Agriophara polistis

Scientific classification
- Domain: Eukaryota
- Kingdom: Animalia
- Phylum: Arthropoda
- Class: Insecta
- Order: Lepidoptera
- Family: Depressariidae
- Genus: Agriophara
- Species: A. polistis
- Binomial name: Agriophara polistis (Lower, 1923)
- Synonyms: Eulechria polistis Lower, 1923;

= Agriophara polistis =

- Authority: (Lower, 1923)
- Synonyms: Eulechria polistis Lower, 1923

Species of moth

Agriophara polistis is a moth in the family Depressariidae. It was described by Oswald Bertram Lower in 1923. It is found in Australia, where it has been recorded from New South Wales.

The wingspan is about 25 mm.
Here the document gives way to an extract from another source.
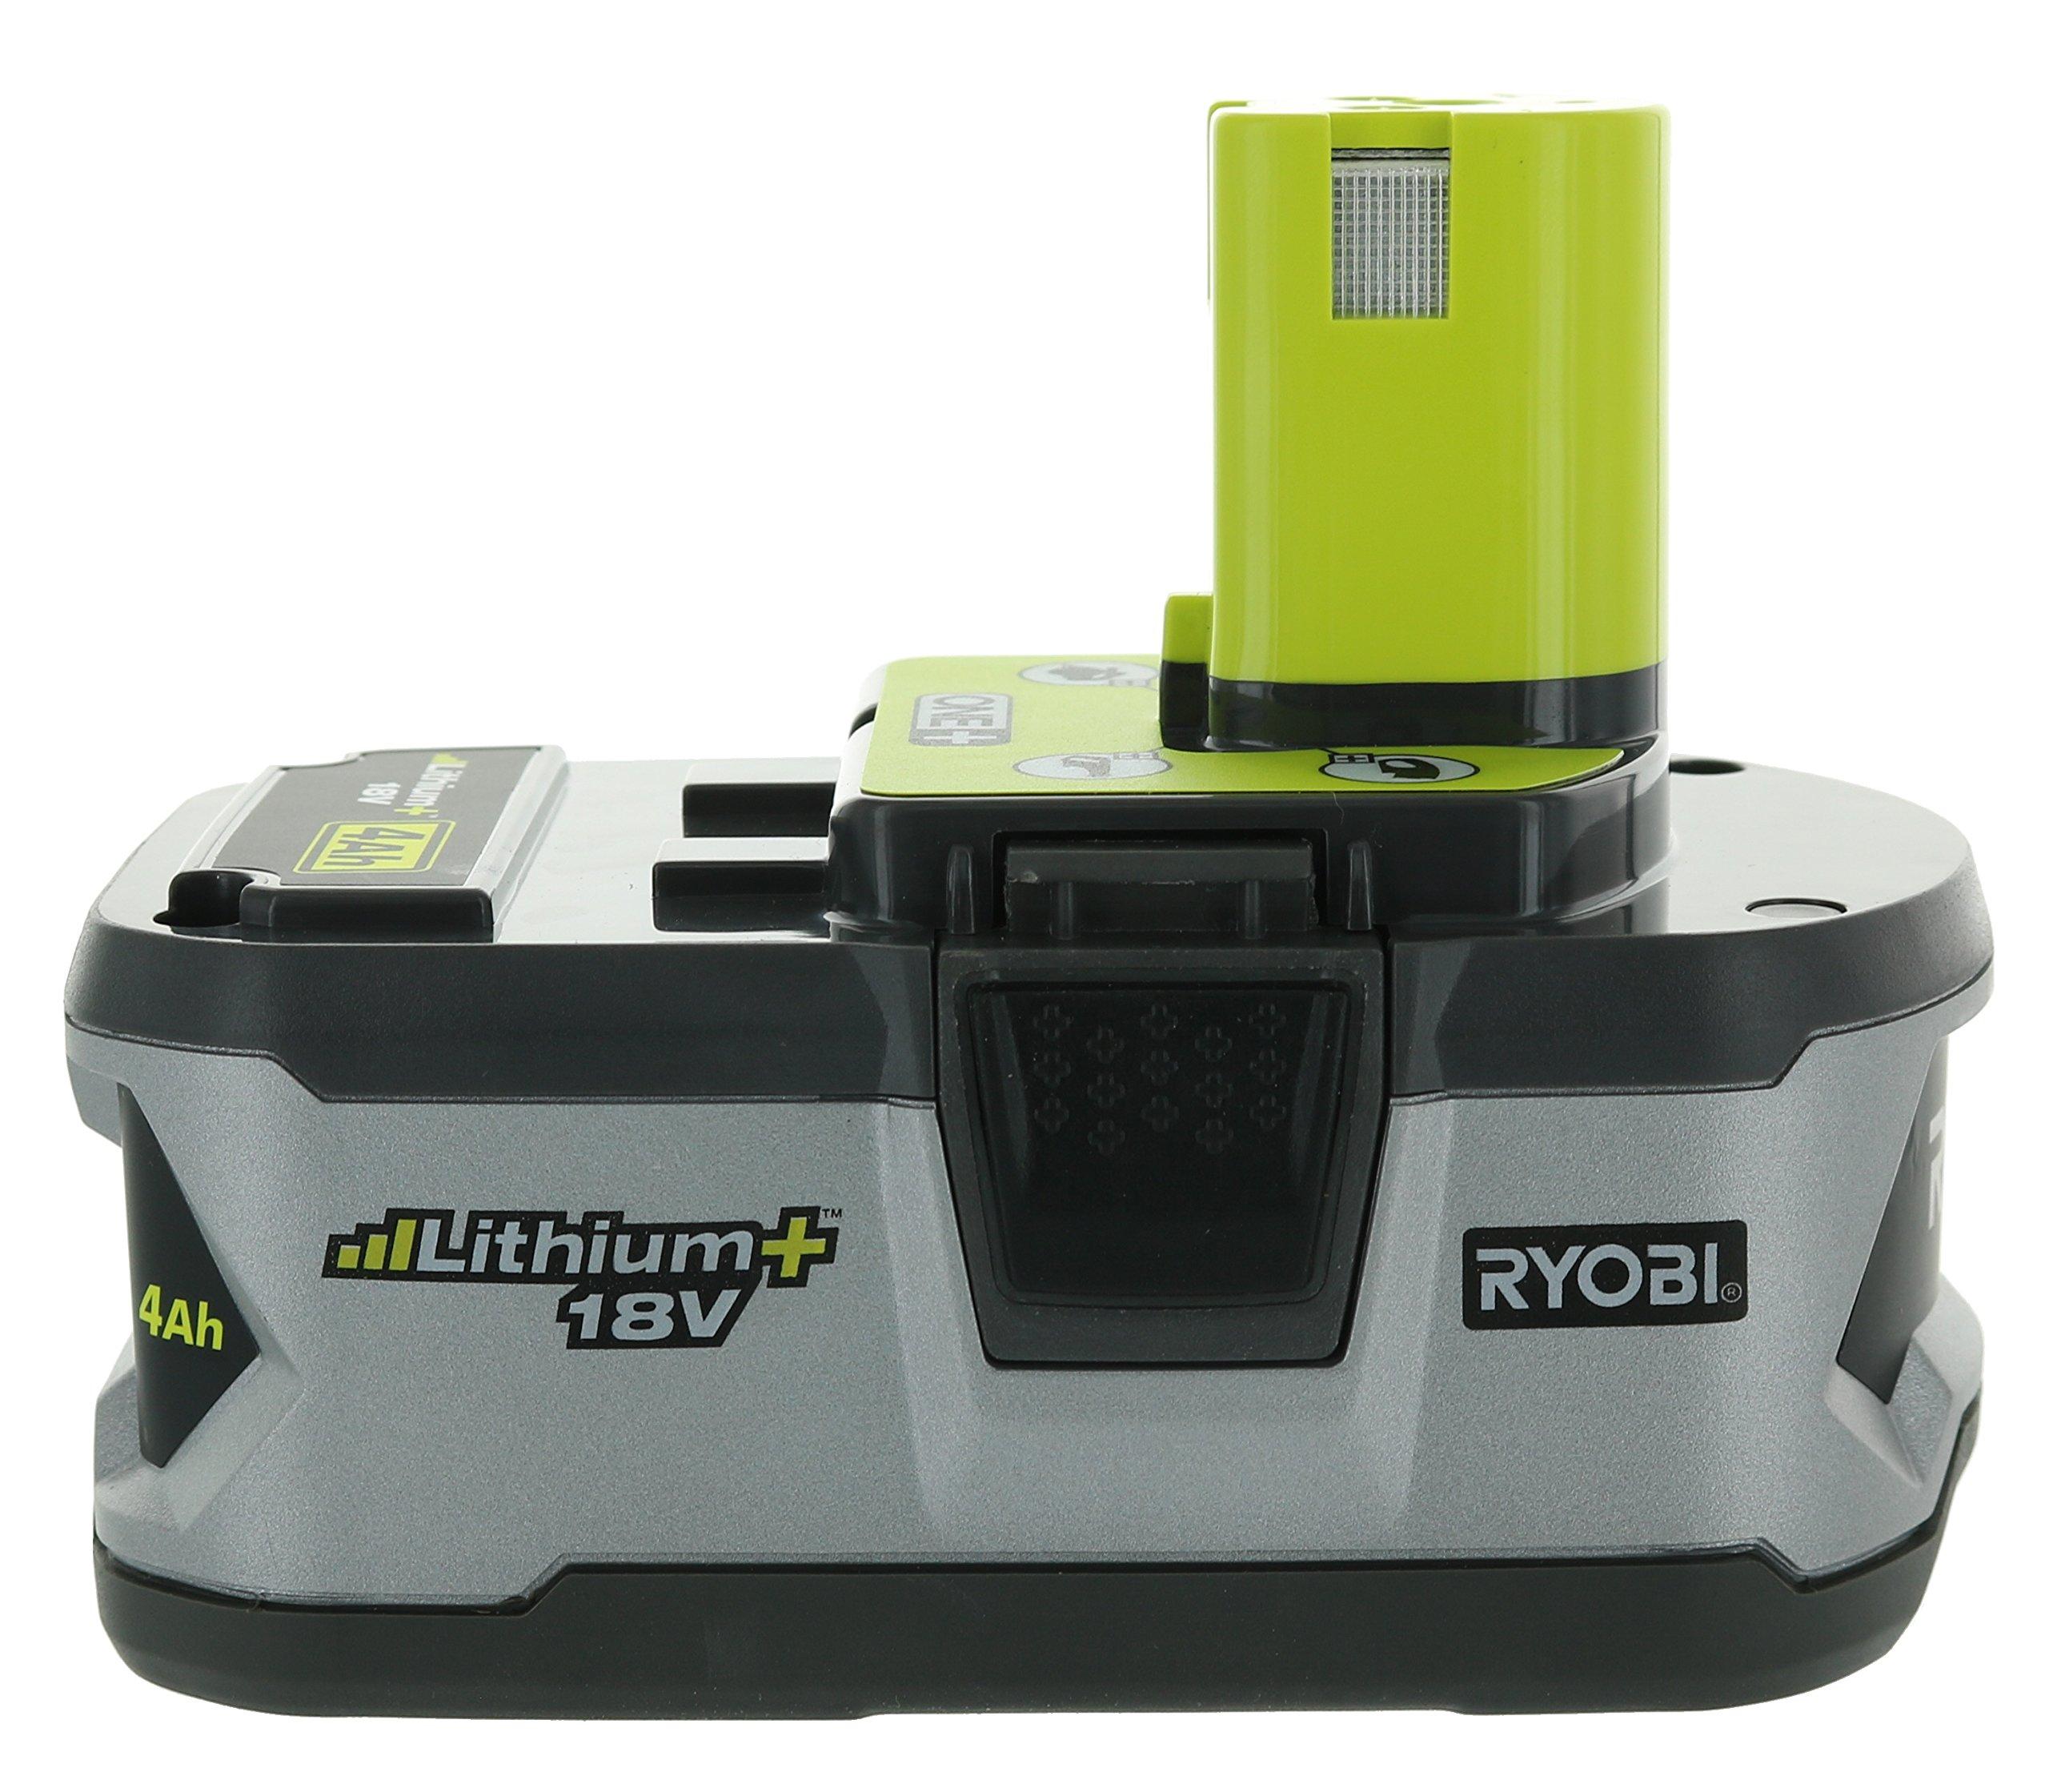 Ryobi P122 4AH One+ High Capacity Lithium Ion Batteries For Ryobi Power Tools (2 Pack of P108 Batteries) by Ryobi (Image #6)

The forewings are dull white, faintly suffused with pale fuscous and with three irregular, oblique, pale-fuscous fasciae, reaching more than half way across the wing. The first from the costa at one-sixth, the second from the costa at about one-fourth, the third from the costa in the middle and reaching to above the tornus. There are six dark-fuscous equidistant costal dots, the first at the commencement of the third fascia and the sixth at the apex. From the fifth dot is emitted a fine, waved, fuscous line of suffused dots, the line indented below the costa and terminating at the tornus. There are two fine fuscous dots at the posterior end of the cell, one above the other. The hindwings are pale whitish fuscous, darker on the apical portion.